2. Acts 11:29-30 - As stated above, the Galatians 2 trip was 14 years after Paul's conversion. However, the Acts 11 trip was also long before that. Paul made this trip to Jerusalem at the time of the death of Herod Agrippa I in 44 AD. Herod's death is recorded in Acts 12:20-23, and the return of Paul and Barnabas to Antioch is recorded in the next 2 verses. Subtracting 14 years from 44 AD takes us back to 30 AD, prior to Christ's crucifixion. But we know that Paul's conversion came well after Christ's crucifixion. Since Paul mentions in 2 Corinthians 11:32 that Aretas was king when Paul left Damascus, we know that Paul's conversion was around 37 AD. So Acts 11:29-30 and Galatians 2:1-10 are not the same trip to Jerusalem.

3. Acts 21:17 - Paul made this trip to Jerusalem at the end of his third missionary journey.

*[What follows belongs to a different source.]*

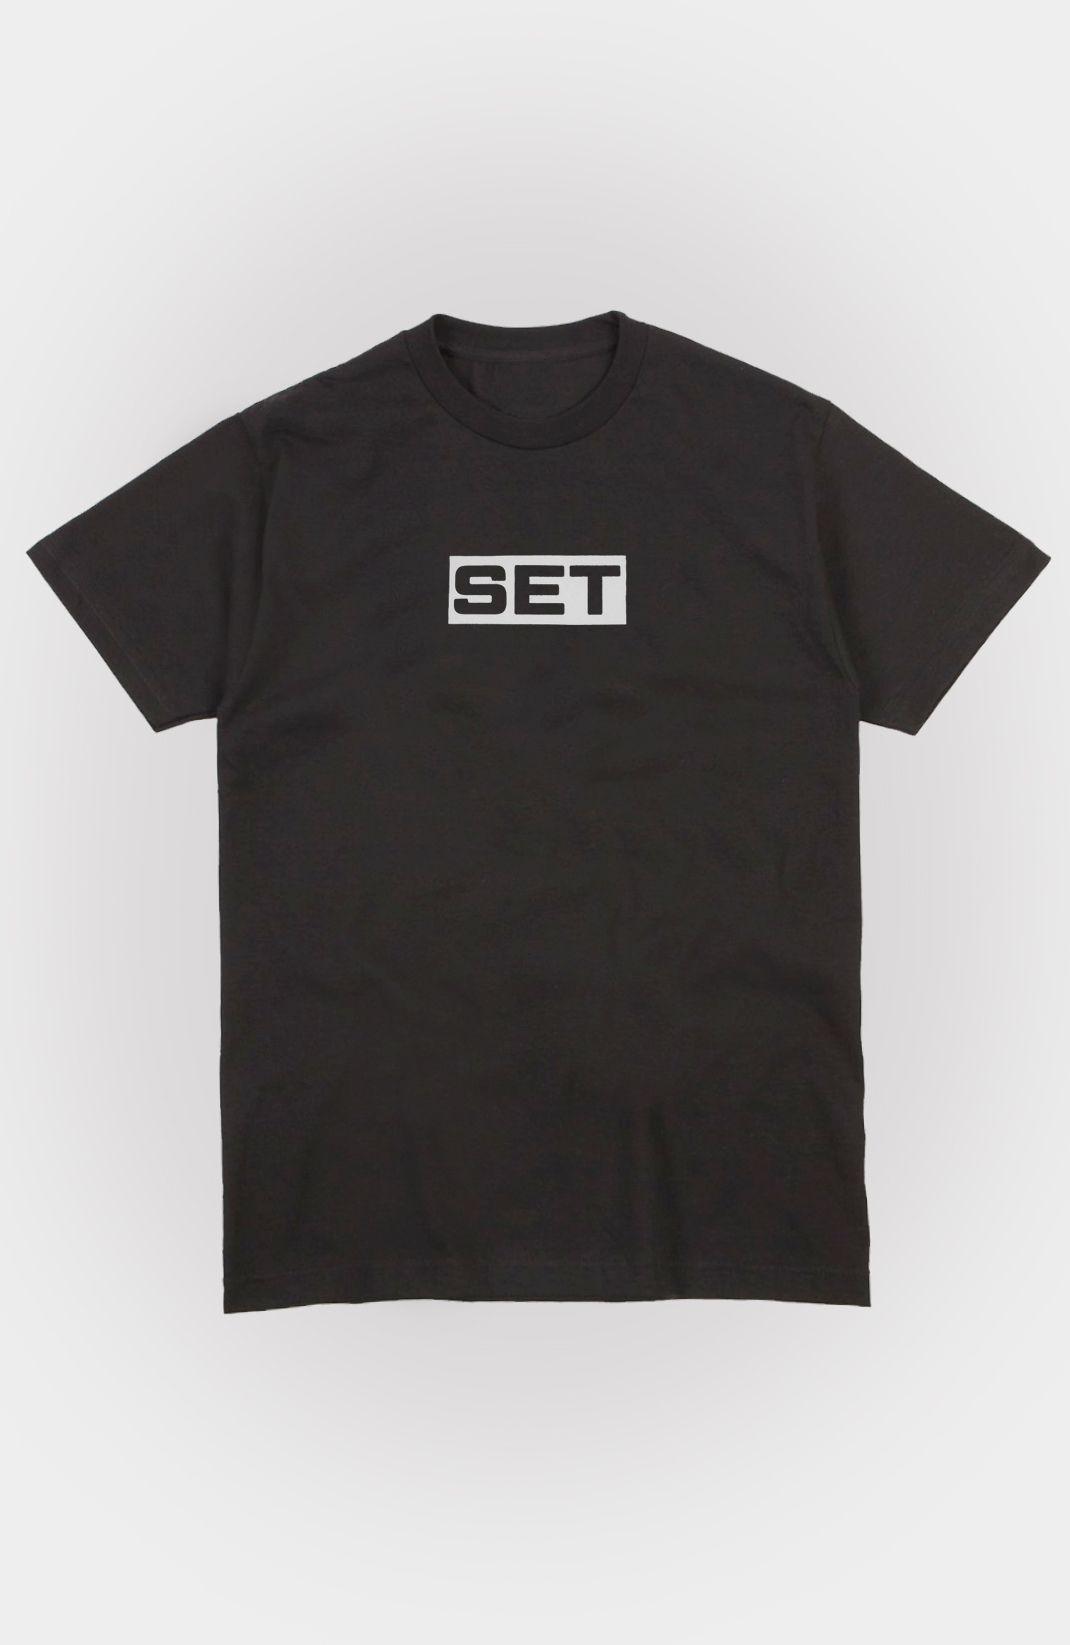 Gray Bar Logo - SET Bar Logo Tshirt - Black exclusive to Set Store Clothing

We know that this was not the trip recorded in Galatians 2 because Barnabas was not traveling with Paul in Acts 21. Barnabas went to Jerusalem with Paul in the Galatians 2:1. But Barnabas was not with Paul in Acts 21, since he and Paul had parted ways in Acts 15:38-41. Also, Paul was thrown in prison for two years at the end of the Acts 21 visit, but he was not thrown in prison at the end of the Galatians 2 visit. So Acts 21:17 and Galatians 2:1-10 are not the same trip to Jerusalem.

That leaves us with Acts 15. Below are several commonalities between the Acts 15 and Galatians 2 accounts that let us know that they are indeed the same meeting.

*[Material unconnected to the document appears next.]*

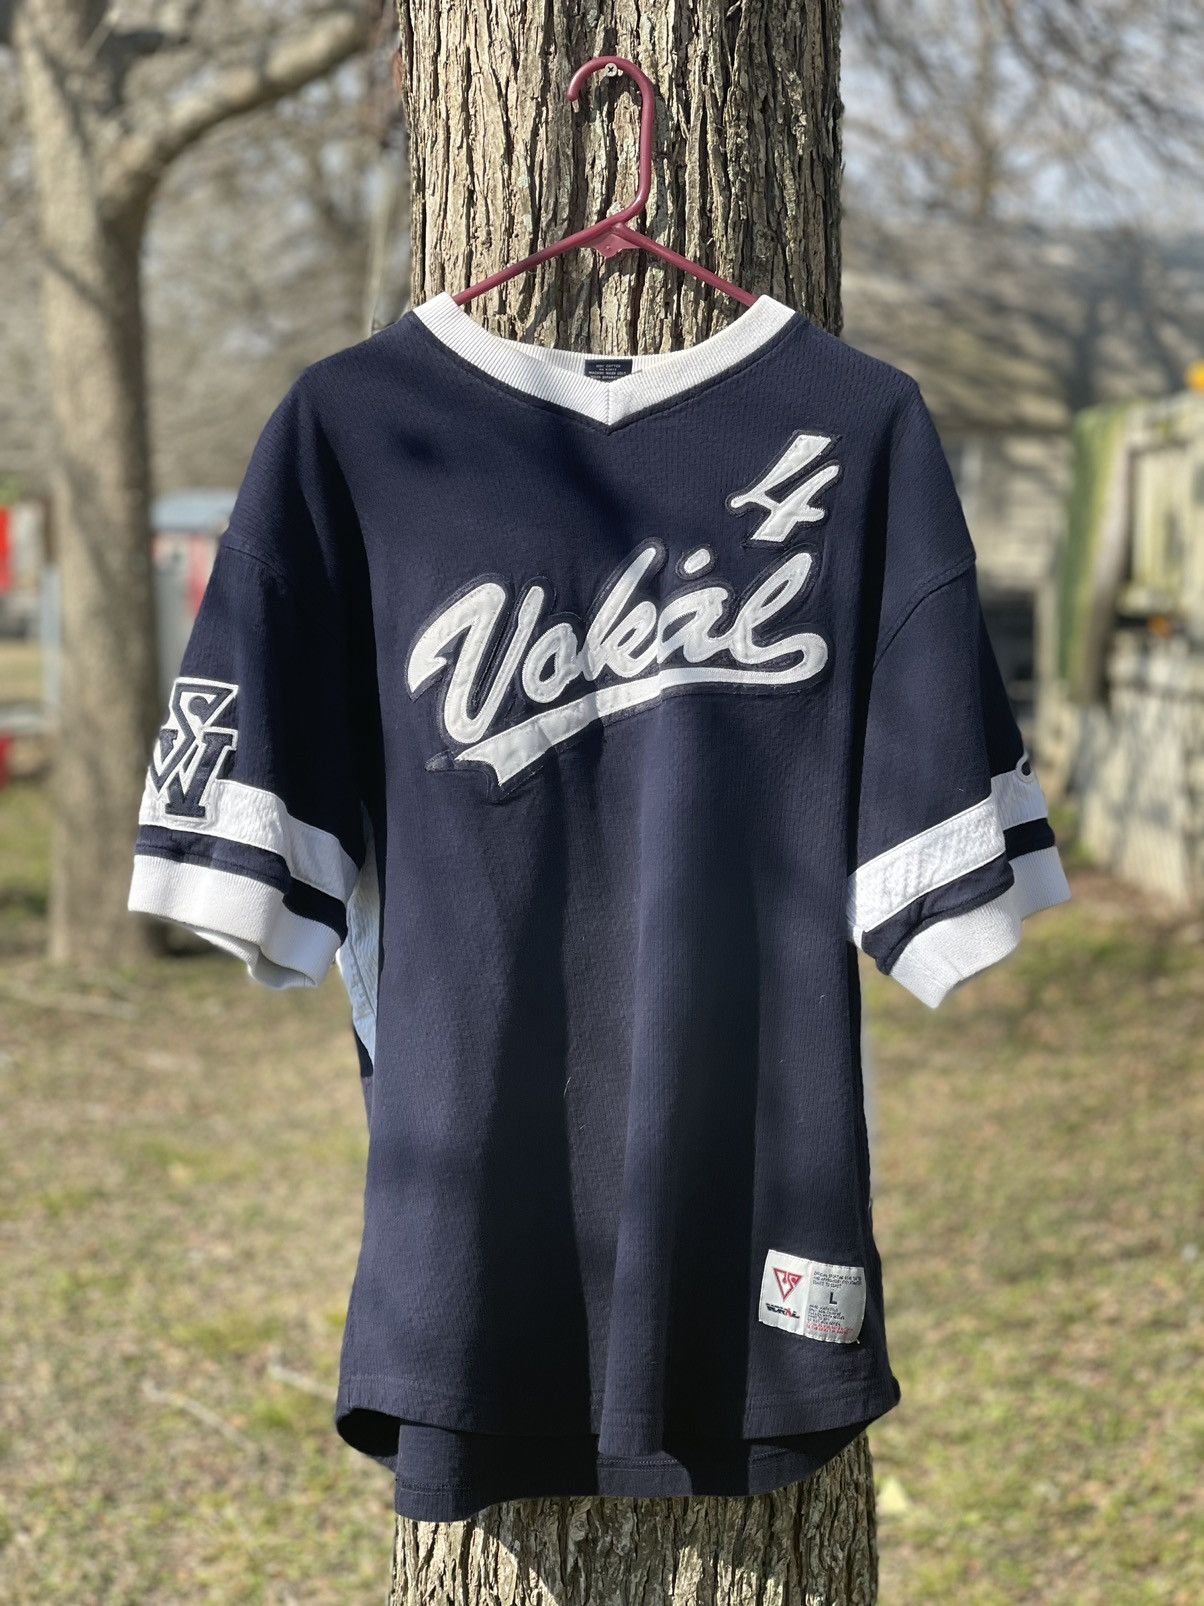 Vintage Vintage Yankees Shirt/Jersey

1. In each account, the Jews had a doctrinal dispute with what Paul was teaching. See Acts 15:1-2 and Galatians 2:4-5.

2. In each account, Barnabas went with Paul to Jerusalem. See Acts 15:2 and Galatians 2:1.

3. In each account, the discussion was over whether the Gentiles should be required to keep the law of Moses. See Acts 15:1 and 15:5 and Galatians 2:3-4.

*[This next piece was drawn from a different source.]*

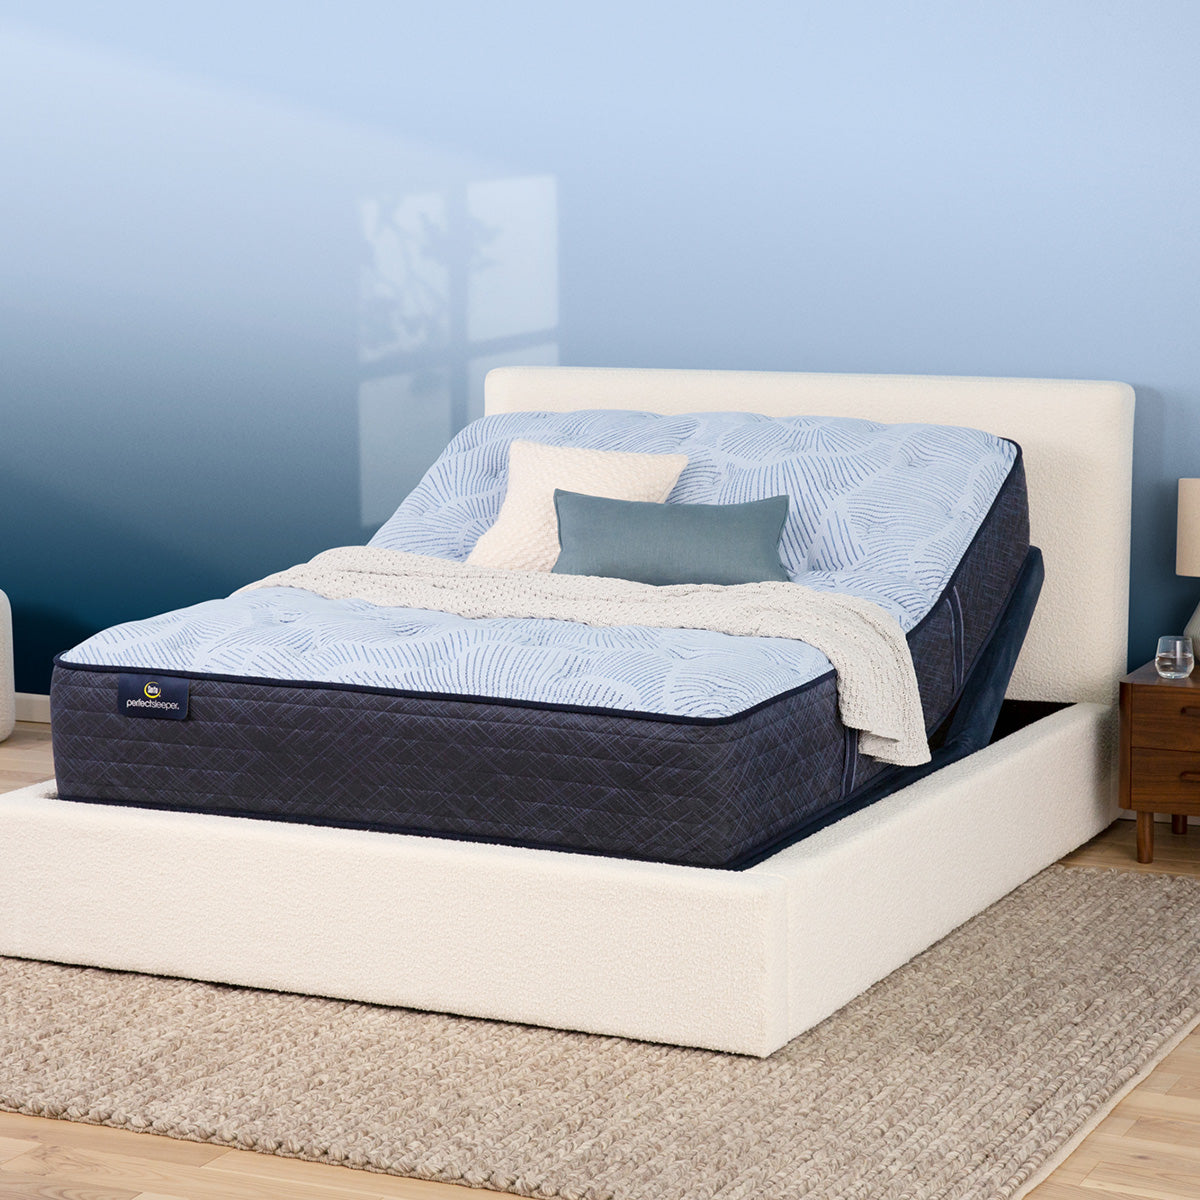 Serta Motion Essentials Adjustable Base with mattress on top

4. In each account, grace has to be contended for. See Acts 15:7-12 and Galatians 2:5.

5. In each account, Peter and James are both present. See Acts 15:7 and 15:13 and Galatians 2:9.

6. In each account, they come to an agreement that the Gentiles are not to be required to keep the law of Moses. See Acts 15:10 15:19 and Galatians 2:6-9.

With all other known visits to Jerusalem ruled out, and with all of the commonalities that there are between Acts 15 and Galatians 2, it seems quite conclusive that Acts 15 and Galatians 2 record the same meeting in Jerusalem.


Q: Why did Paul go to the synagogues first to share the gospel with the Jews, and then afterward go to the Gentiles?

A: It is true that in his journeys, Paul normally preached first to the Jews at the synagogue, and then went to the Gentiles second. We see this pattern in Acts 13:14-48, Acts 17:1-4, 17:15-18, Acts 18:4-8, and Acts 18:19. Paul's ministry was not to "Gentiles exclusively". He went to the Gentiles and the Jews that were scattered among the Gentiles. So it was to mostly Gentiles, but not exclusively, by any means.

Paul was being led by the Holy Spirit in his ministry, and probably was guided to present the gospel to the different groups in the order that he did. Not only that, but logically, it would make sense to preach to the Jews first. Try to consider the mindset of Jews in the first century. With the old testament as their backdrop, they saw themselves as God's covenant people and the Gentiles as unclean, pagan dogs. The Jews would not eat with Gentiles nor go into their homes. Once some Jews, in a particular Gentile city, came to believe Paul's gospel, Paul could then extend the ministry to the Gentiles. But if Paul were to convert hundreds of Gentiles in that city first, then the Jews in that city would begin to perceive Paul's message as a religion of the unclean pagan dogs, before the Jews had even been presented with the grace gospel. Thus, they would probably be more likely to reject Paul's message, than if Paul had gone to the Jews first. By going to the Jews first Paul was able to show them (and convince many) that his gospel message was from the same God that led Israel out of Egypt, gave Israel the Law of Moses, and established Israel as a nation.